Celebrate Christmas on Sanctuary Island, where the love light gleams. There will be snow and mistletoe...and two lonely hearts yearning for love, family, and above all, home.
Magazine columnist Libby Leeds has made a name for herself sharing heartwarming stories from her perfect life on Sanctuary Island. There's just one minor detail she's left out: she hasn't set foot on the island since her childhood. Orphaned and heartbroken, she departed years ago and never looked back-except in her fictional columns. Now a wounded war hero is returning to Sanctuary Island, and Libby's editor insists she cover the story by taking the long road back...
HOME FOR CHRISTMAS
Army Ranger Owen Shepard is a tall, handsome single father, and now a media sensation. He wants to reconnect with his daughter, Caitlin, and make up for lost time by giving her a Christmas to remember. When "America's Favorite Homemaker" Libby Leeds offers her help, he jumps at the chance. But the sweet, reclusive writer is more intriguing, and more tempting, than Owen could have imagined. Soon, Owen and Caitlin are spending their holiday with Libby, decorating trees, making gingerbread houses, and warming up by the fire. It's the closest Libby has come to love and family since she was a child-but until she and Owen admit what is in their hearts, the home they are creating together will be only in their dreams.
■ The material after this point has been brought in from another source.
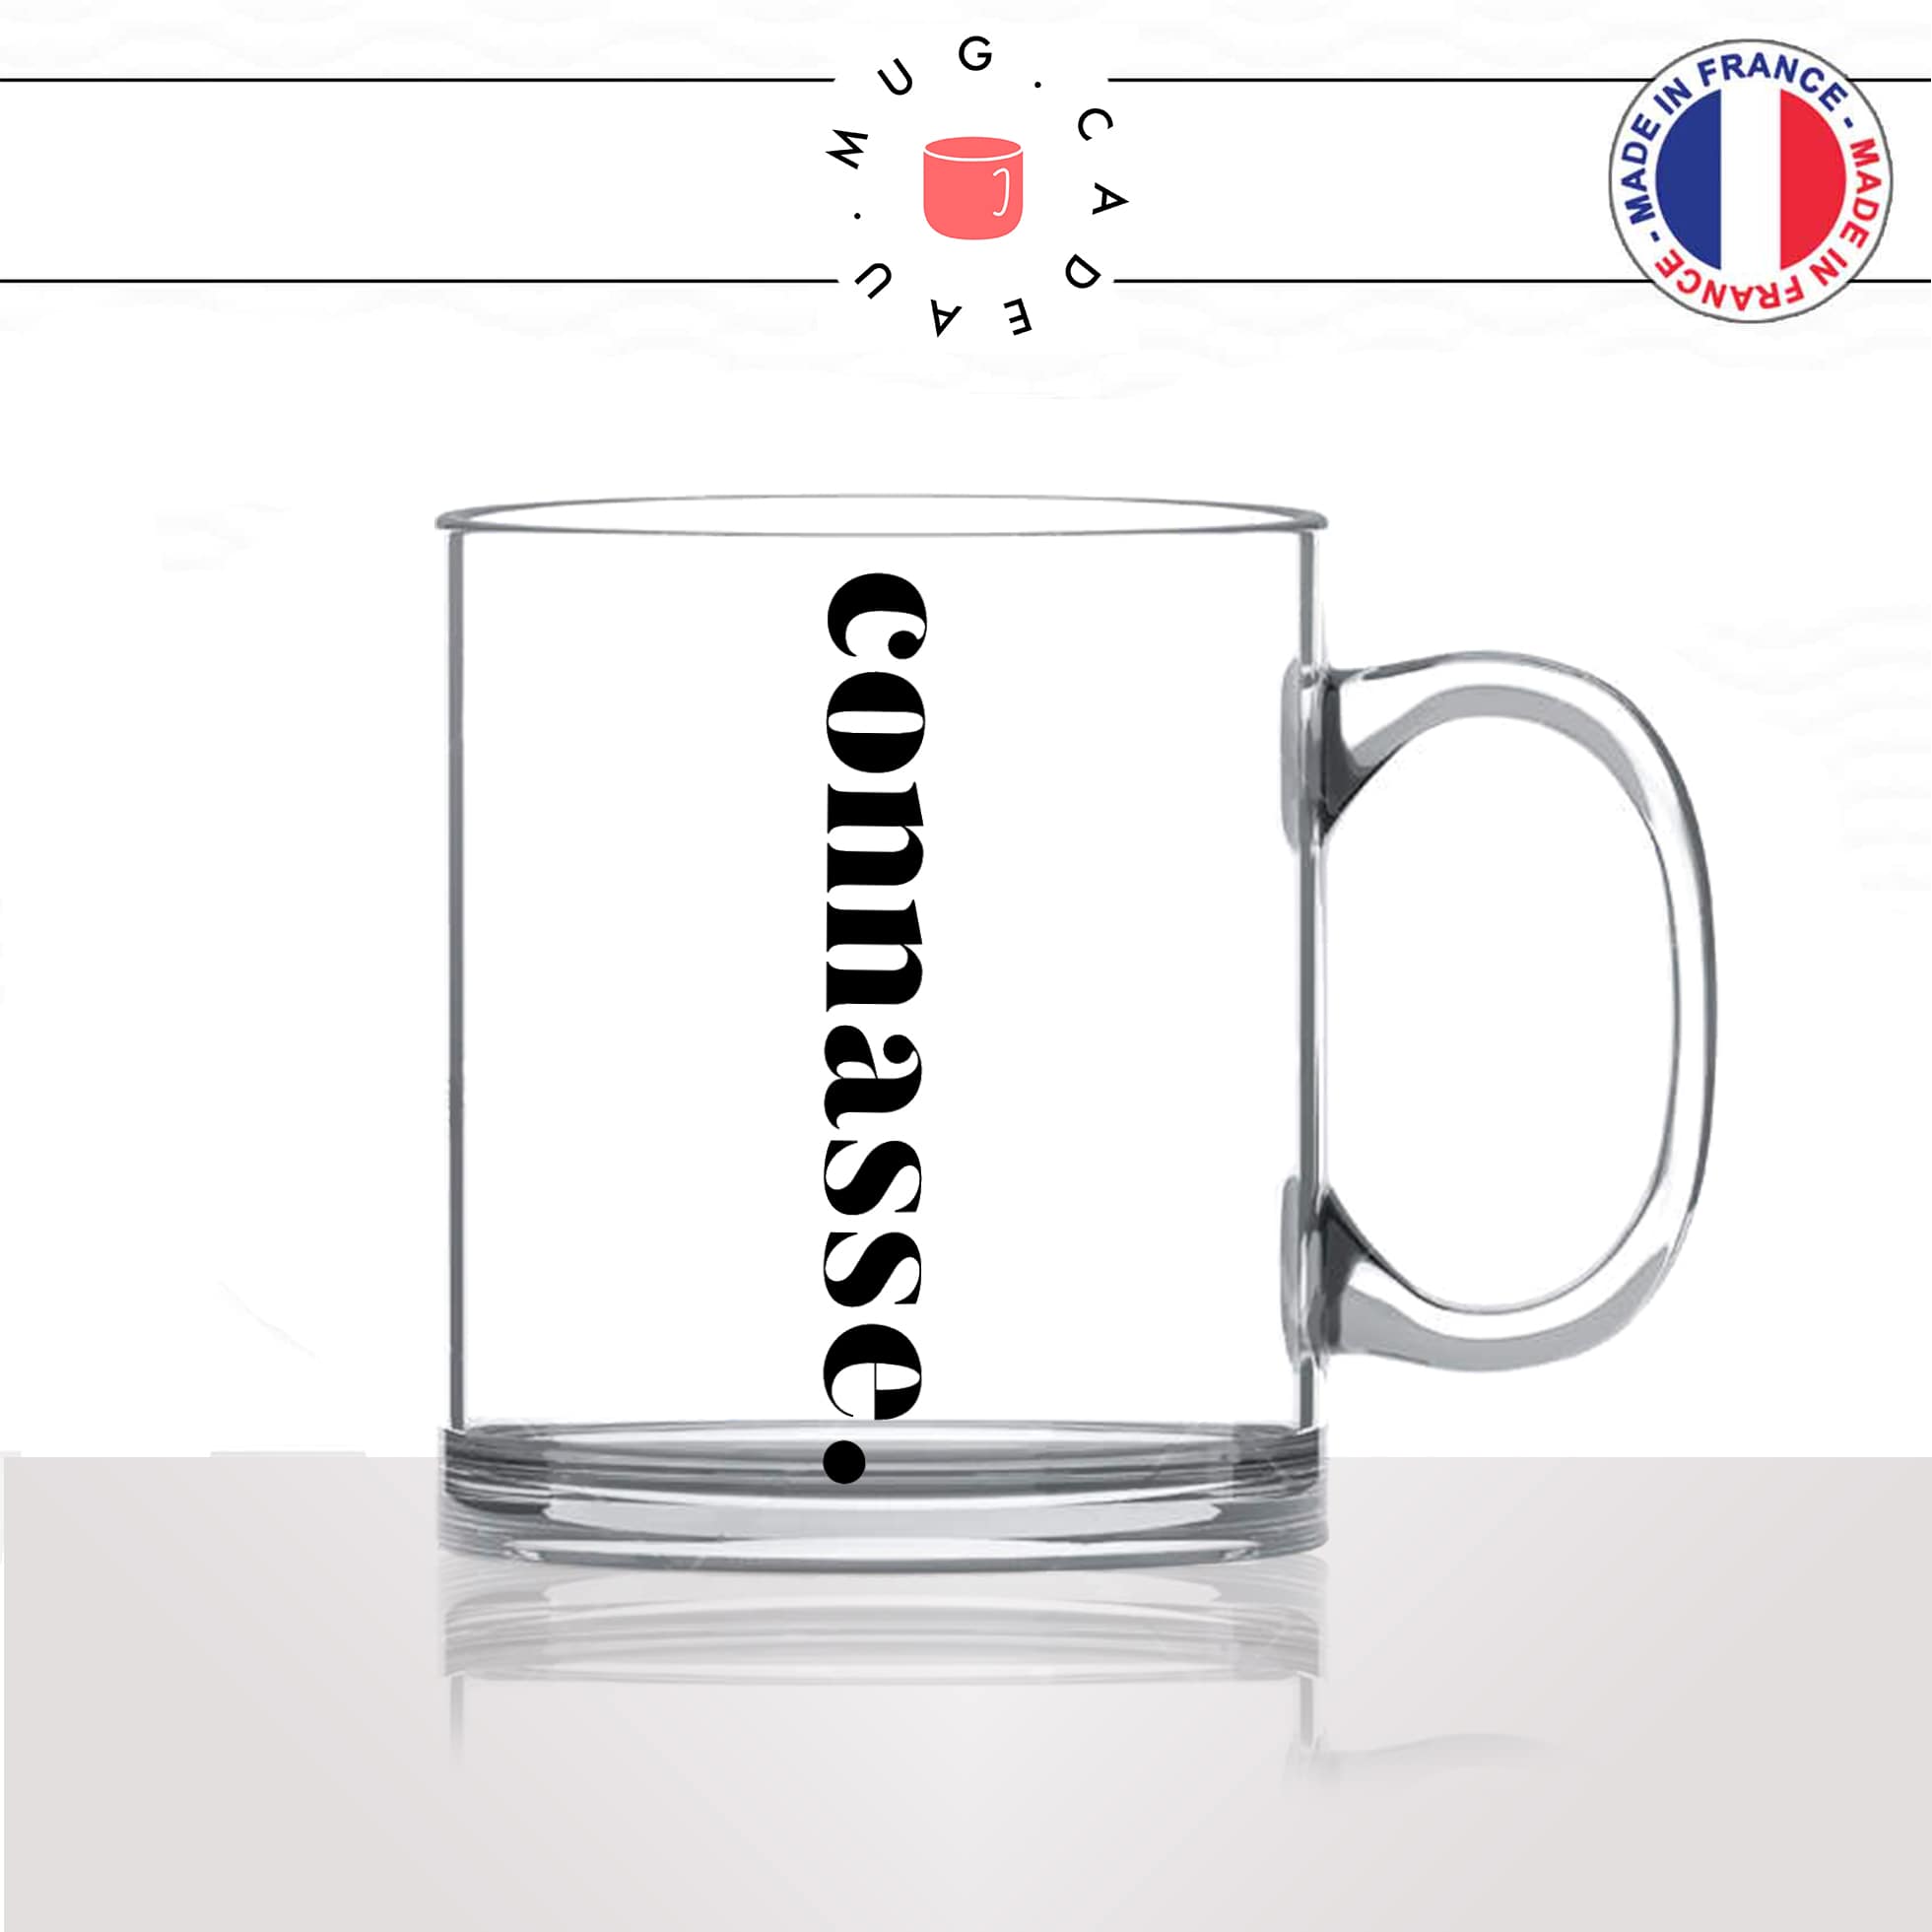 mug-tasse-en-verre-transparent-glass-connasse-calligraphie-lettrine-mot-femme-conne-couple-décoration-amie-idée-cadeau-original-personnalisé-café-thé2-min

Libby is a writer, but what she writes and passes off as her everyday life is complete fiction. She's pulled into a web in order to document Owen Shepard's visit to Sanctuary Island where his sister is the sheriff.
I wasn't sure how receptive I felt toward Owen, his trauma notwithstanding, or that our heroine, Libby, is a liar (she is!). These are not the typical makings for a romance novel. That Libby continually lies as we go along was very frustrating at times, but I believe we're supposed to see that lies come easy for her; the truth is what is difficult.
Again, it's not a typical Christmas/holiday story when things are so f-ing messed up. I suppose that's what made me continue Home for Christmas -- the narrative wasn't neat and tidy; the characters weren't perfect with "made up" or "first world" problems. So naturally I'm glad I continued through until the end.
(A very special thank you to St. Martin's Press and NetGalley for providing me with an ARC of Home for Christmas.)